*** Opening Data extract ***

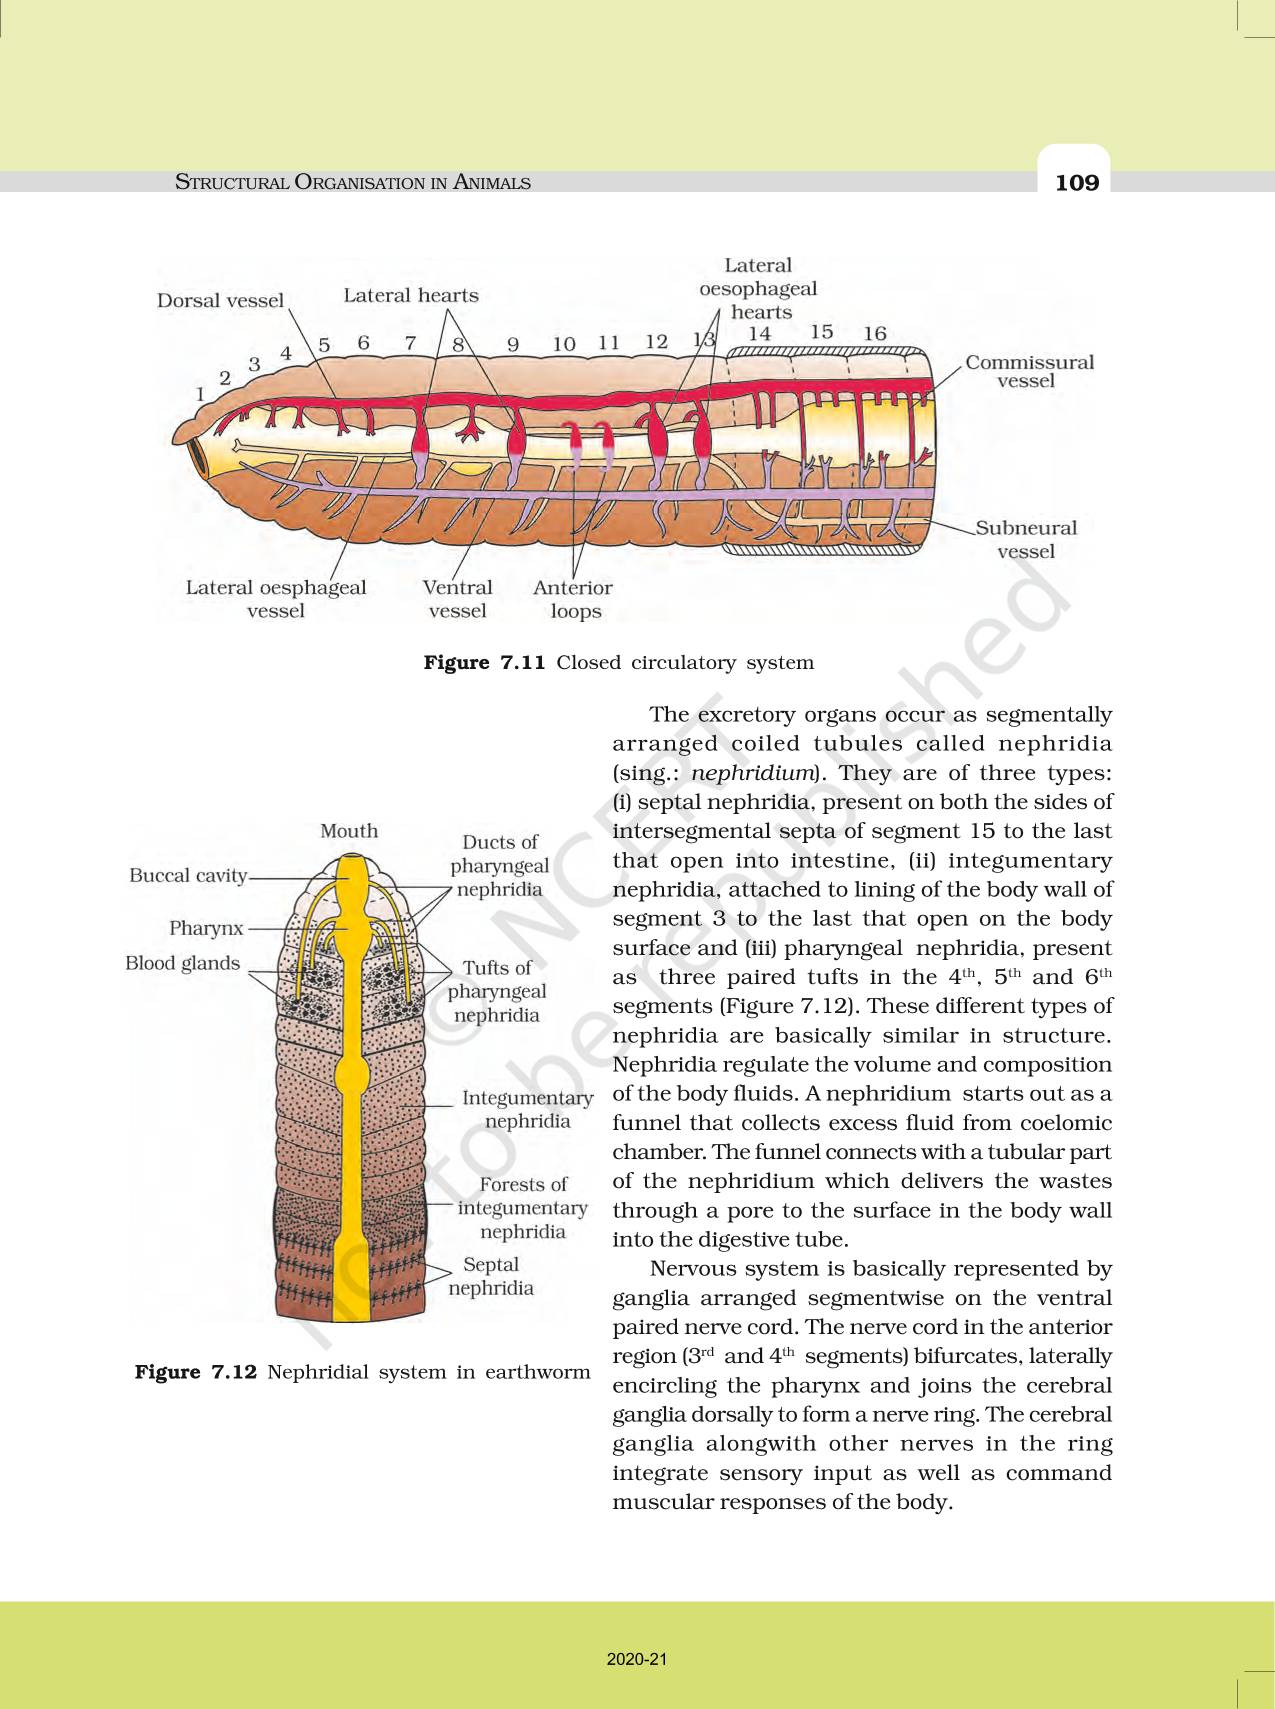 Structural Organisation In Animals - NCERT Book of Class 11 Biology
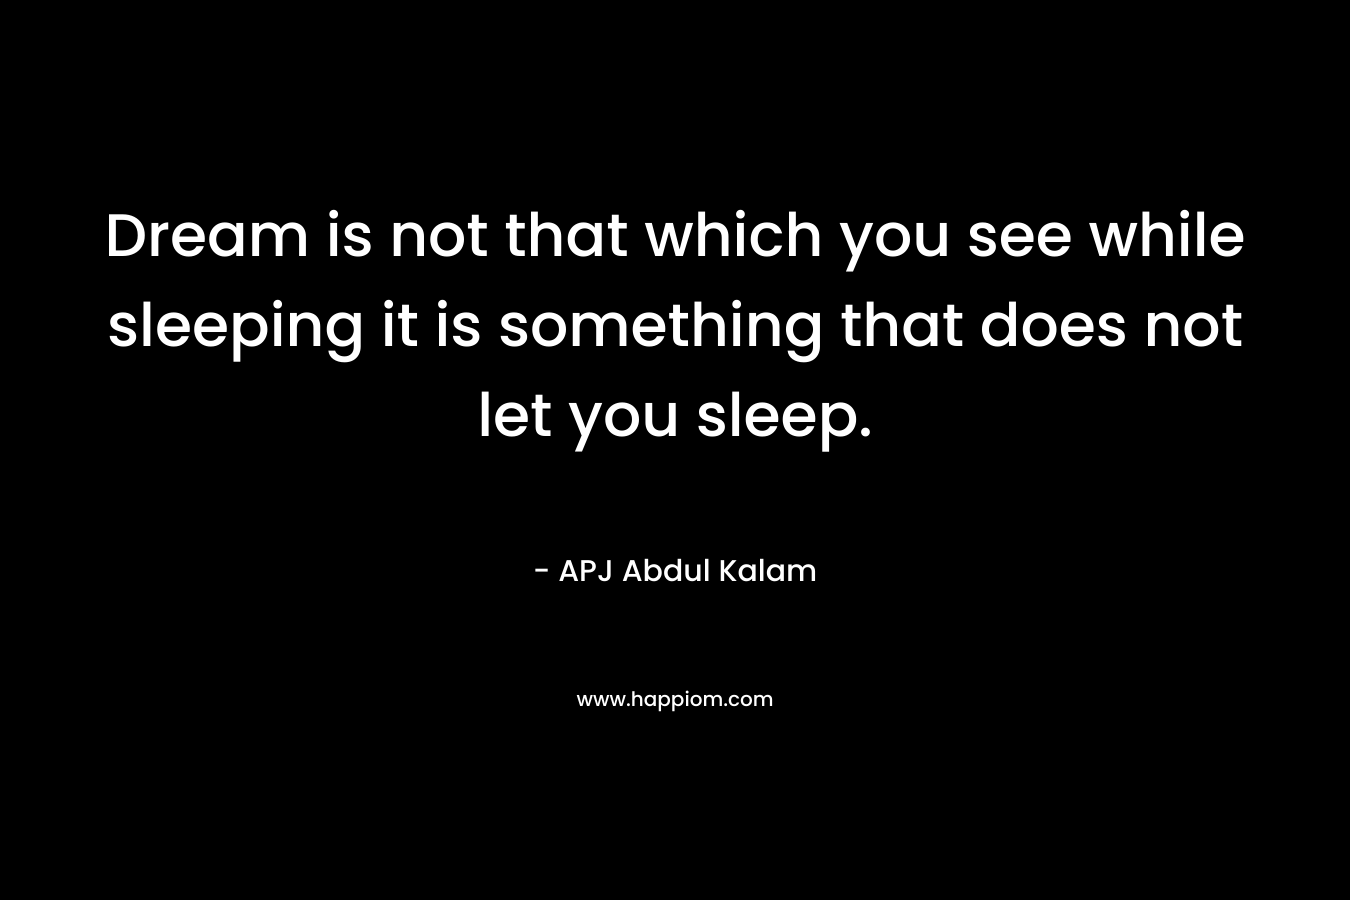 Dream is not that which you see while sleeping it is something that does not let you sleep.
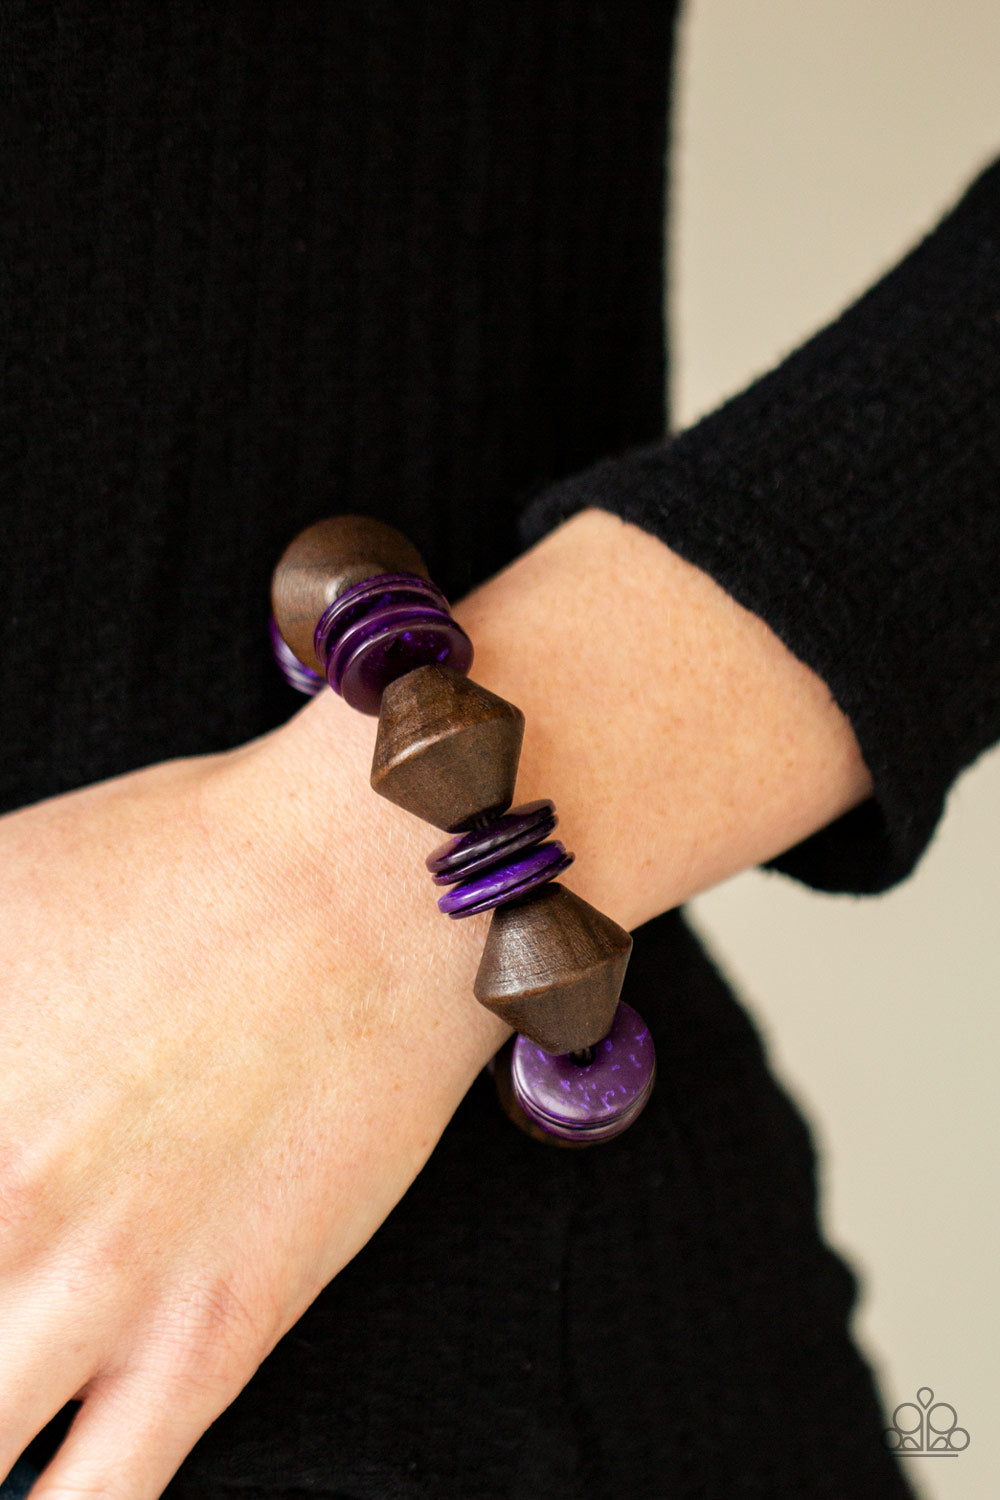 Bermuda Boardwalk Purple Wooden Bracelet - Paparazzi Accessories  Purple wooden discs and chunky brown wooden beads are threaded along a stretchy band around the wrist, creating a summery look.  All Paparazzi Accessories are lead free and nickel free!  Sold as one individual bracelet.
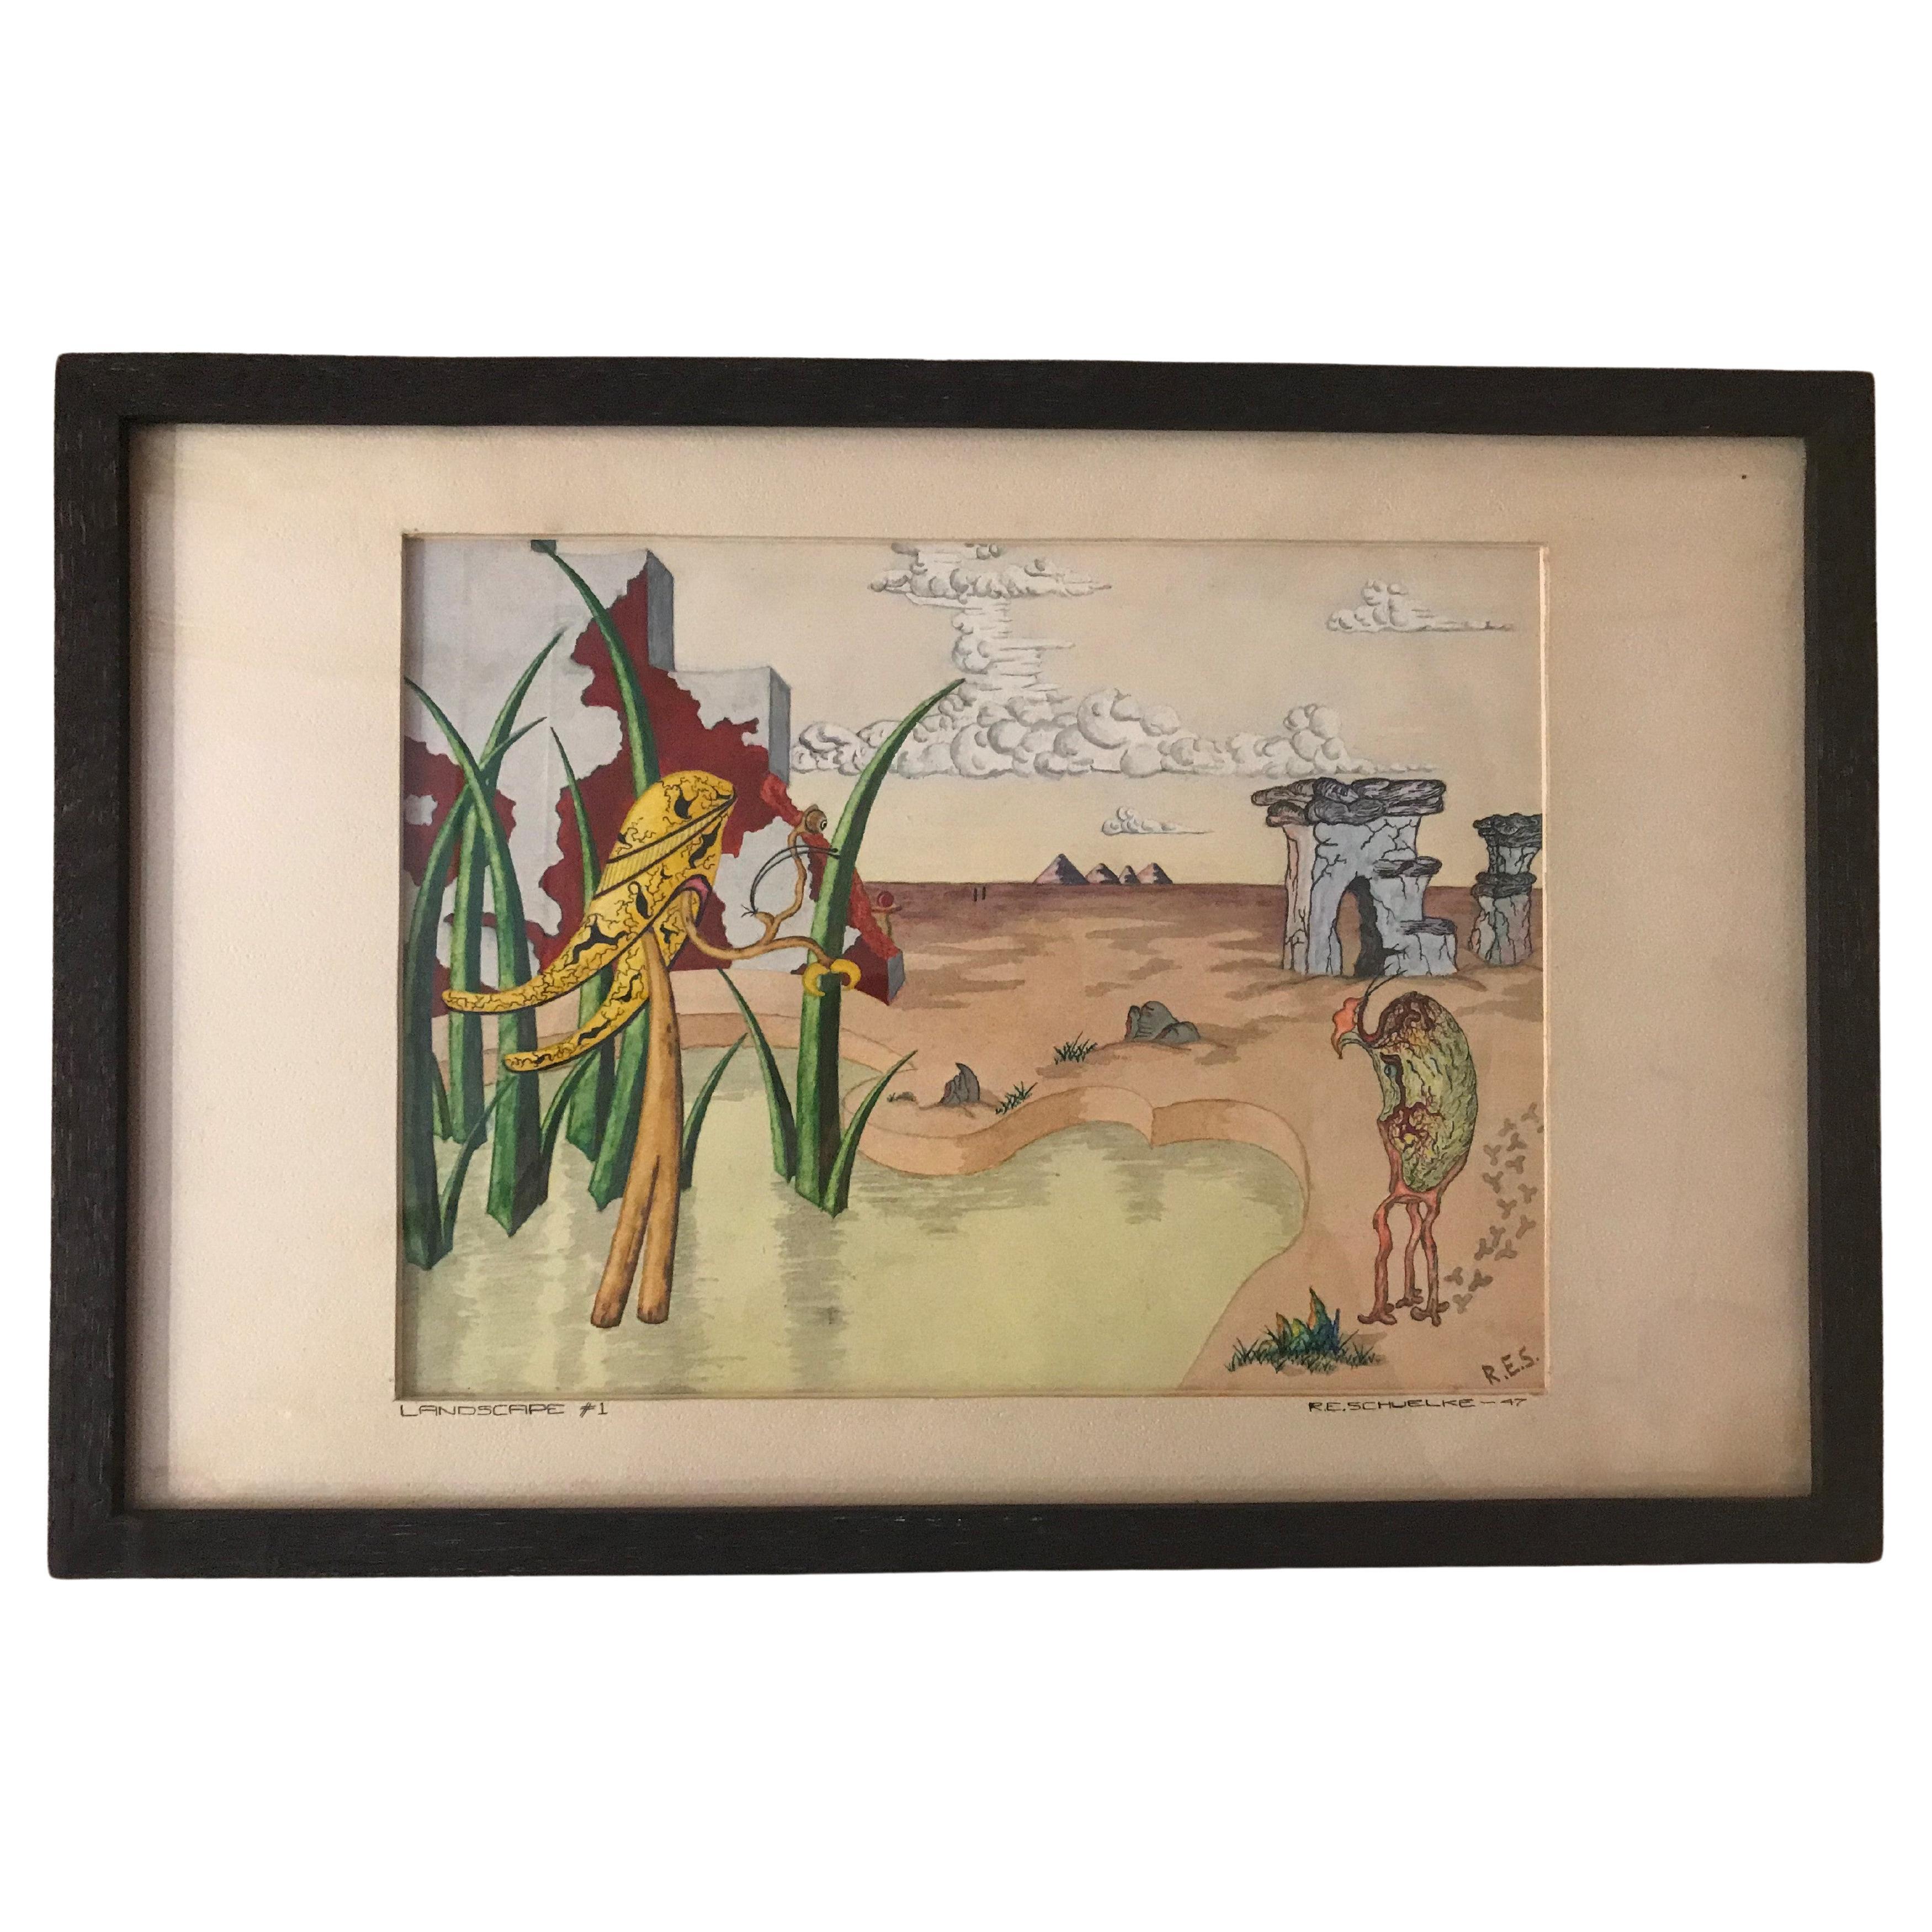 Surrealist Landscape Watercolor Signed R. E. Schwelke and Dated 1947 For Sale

*** Closing Data extract ***

Task description → Nothing but the lines from the beginning of the material through the line with "Dream is not" should appear, printed exactly, with no pictures among them.

Result below →
 Structural Organisation In Animals - NCERT Book of Class 11 Biology
 Dream is not that which you see while sleeping it is something that does not let you sleep.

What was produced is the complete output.